Beschluss des Landesvorstandes der ASJ vom 11. Juni 2020

Wehrhafte Demokratie gegen Verfassungsfeinde sichern – Verfassungsschutz erhalten!

Wir lehnen die Forderung, den Verfassungsschutz abzuschaffen, ab. 

Begründung: 

Die SPD hat in ihrer über 150jährigen Geschichte schmerzvoll erleben müssen, was es heißt, wenn Verfassungsfeinde die Macht im Staat ergreifen. Viele Genossinnen und Genossen sind aus politischen Gründen verhaftet, misshandelt oder ermordet worden. Wir vergessen sie nicht! 

Wir haben daraus gelernt. Eine wehrhafte Demokratie muss allen Versuchen, die freiheitlich-demokratische Grundordnung mit Gewalt zu zerstören, frühzeitig und entschieden entgegentreten. 

Gerade jetzt, wo überall in Europa rechtsextremistische Parteien im Vormarsch sind, wo antisemitische und antiislamische Haltungen und Verschwörungstheorien in Berlin den Boden für politische Gewalt bereiten, in der die Zahl politisch motivierter Straftaten bis hin zu Mord zunimmt, brauchen wir mehr denn je die Aufklärung und Information der Ämter für Verfassungsschutz. Auch die Gefahr islamistischer Terroranschläge hat mit dem furchtbaren Anschlag auf dem Breitscheidplatz in Berlin als Höhepunkt einer Entwicklung gezeigt, dass unsere freiheitlich-demokratische Grundordnung wirksam geschützt werden muss. 

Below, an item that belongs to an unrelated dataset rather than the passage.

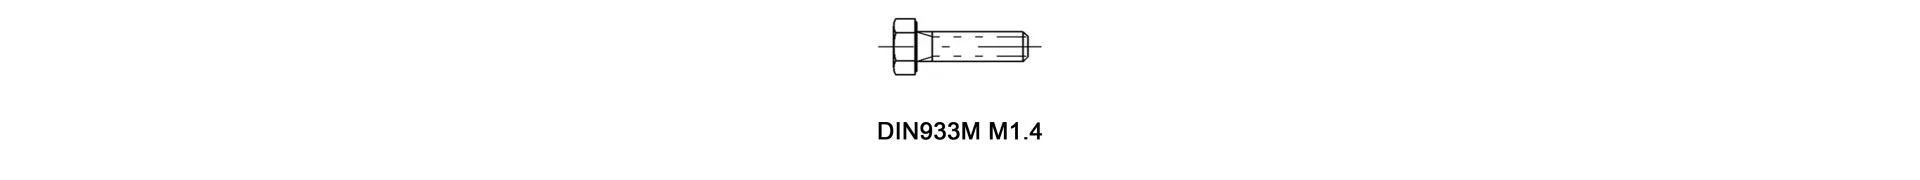 DIN933M M1.4

Es gibt keinen guten oder schlechten politischen oder religiösen Extremismus. Wir dürfen auch die Gefahren, die von linksextremistischen und gewaltbereiten Gruppen ausgehen, nicht ignorieren oder verharmlosen. Wer den Verfassungsschutz wegen der Überwachung von Rechtsextremisten kritisiert und gleichzeitig mit Linksextremismus sympathisiert, hat ein gestörtes Verhältnis zur Demokratie und zum Rechtsstaat. 

Dabei sind diese Gefahren für die freiheitlich-demokratische Grundordnung keineswegs gleichzusetzen. Die sog. Hufeisentheorie, nach der Links- und Rechtsextremismus gleichgesetzt werden, ist genauso falsch wie die unreflektierte Kritik an diesem Dogma und die einseitige Fokussierung auf Rechtsextremismus. Wir brauchen einen pragmatischen und differenzierten Umgang mit unterschiedlichen Gefahren, um unsere Demokratie und unseren Rechtsstaat zu schützen und zu stärken. Der Verfassungsschutz leistet hierfür einen wichtigen Beitrag und ist unverzichtbar. 

Wir wollen keine politische Polizei wie einst die Gestapo oder eine Rückkehr zum MfS, um politische Gegner zu überwachen und auszuschalten. Wir haben aus der Vergangenheit gelernt, dass das Trennungsgebot von Verfassungsschutz und Polizei und Transparenz für die demokratische Kontrolle notwendig sind. 

Der NSU – Terror hat aber auch gezeigt, dass der Verfassungsschutz schwerwiegende Versäumnisse hat entstehen lassen und dass eine strenge parlamentarische Kontrolle der Ämter für Verfassungsschutz erforderlich ist. Daher unterstützen wir die Forderung, dass der Verfassungsschutz die zunehmenden Gefahren durch Rechtsextremismus stärker in den Blick nimmt und begrüßen Reformen des Verfassungsschutzes, aus solchen Versäumnissen zu lernen und die Strukturen entsprechend anzupassen 

Zu einer freiheitlichen und offenen Gesellschaft gehört auch, dass sich der Verfassungsschutz, der in den gesetzlichen Grenzen tätig wird, öffentlicher Kritik stellen muss und einer parlamentarischen und gerichtlichen Kontrolle unterliegt. Wenn Gruppen oder Teile im Verfassungsschutzbericht als extremistisch eingestuft werden, weil dem Verfassungsschutz hierüber Erkenntnisse vorliegen, gehört es zur freiheitlich-demokratischen Gesellschaft, dies öffentlich zu diskutieren und parlamentarisch sowie ggf. gerichtlich zu klären. Einen Maulkorb für den Verfassungsschutz, Kritik an einer Partei politisch nahestehenden Gruppierungen aufzunehmen, darf es in einer freiheitlichen Demokratie nicht geben! 

Es ist ein gefährlicher Irrweg, aus Anlass einer Kritik an einer einzelnen, umstrittenen Bewertung des Verfassungsschutzes die Abschaffung des Verfassungsschutzes zu fordern und damit die Strategie der AfD zu übernehmen.